Andrea Gillies’ KEEPER, published by Short Books, has won the inaugural Wellcome Trust Book Prize, an award worth £25,000.
The Wellcome Trust Book Prize is awarded to the finest fiction or non-fiction book of the year in which medicine (or medical science) is a central theme.
In KEEPER, Andrea Gillies writes about her decision to take on the full-time care of her mother-in-law, an Alzheimer’s sufferer. Jo Brand, chair of the judging panel, said: “Andrea Gillies’ account of living with Alzheimer’s is the perfect fusion of narrative with enough memorable science not to choke you. It’s a fantastic book—down to earth and darkly comic in places. The judges found it compelling.”

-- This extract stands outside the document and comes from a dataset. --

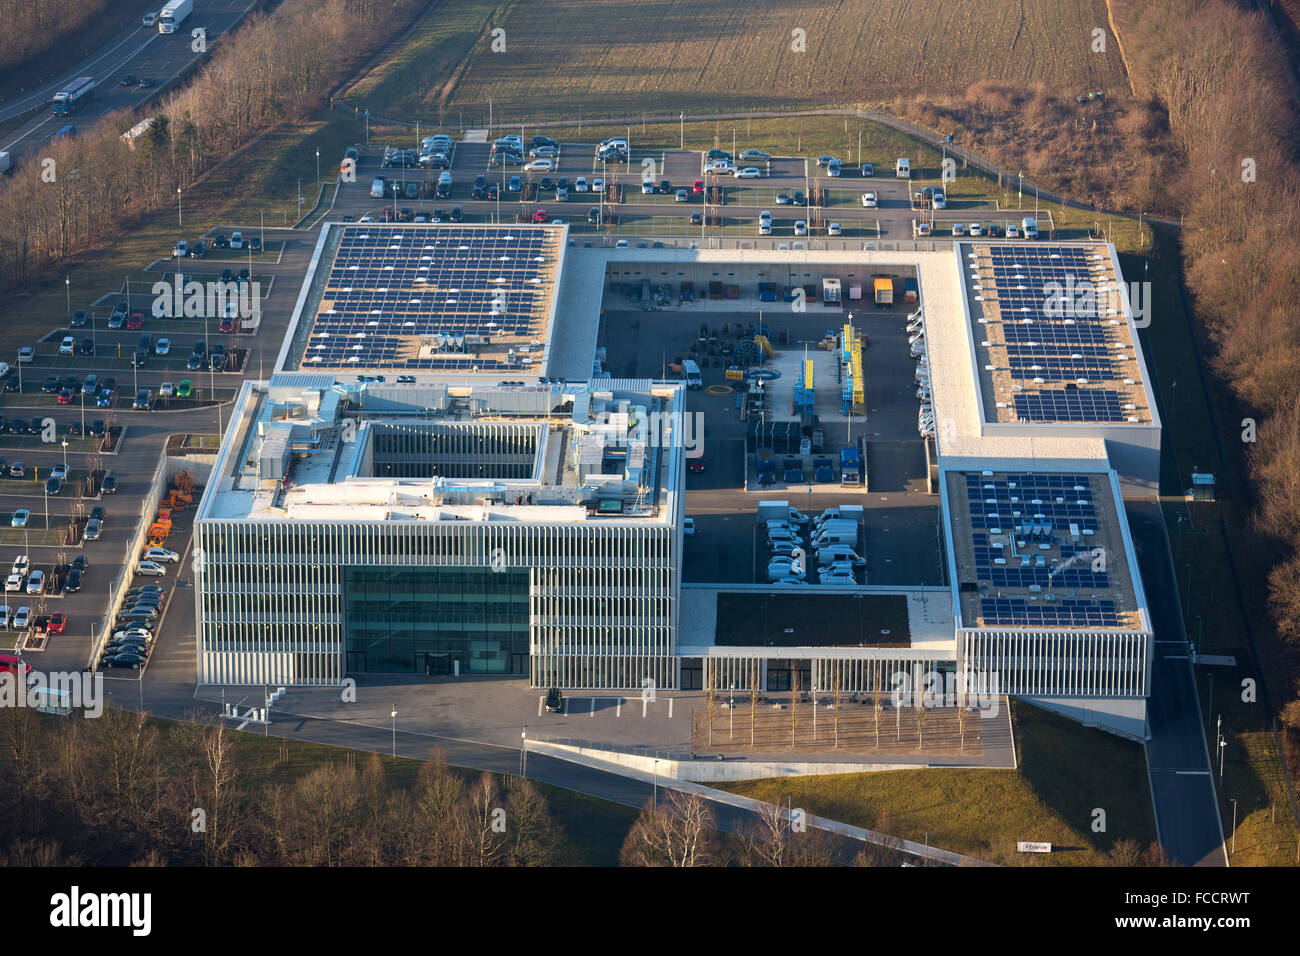 Vista aerea, comunali i fornitori di energia, sede Enervie Hassley, Hagen, zona della Ruhr, Renania settentrionale-Vestfalia, Germania, Europa Foto Stock

Alongside Jo Brand, who is a comedienne, author and former psychiatric nurse, the other judges were BBC science journalist Quentin Cooper; former Welsh National Poet and non-fiction writer Gwyneth Lewis; poet and medical historian Richard Barnett; and author, poet and medical professor Raymond Tallis.
The other shortlisted books were ‘Illness’ by Havi Carel (Acumen Publishing); ‘Tormented Hope’ by Brian Dillon (Penguin Ireland); ‘Intuition’ by Allegra Goodman (Atlantic Books); ‘Three Letter Plague’ by Jonny Steinberg (Random House/Vintage); and ‘Cutting for Stone’ by Abraham Verghese (Random House/Chatto).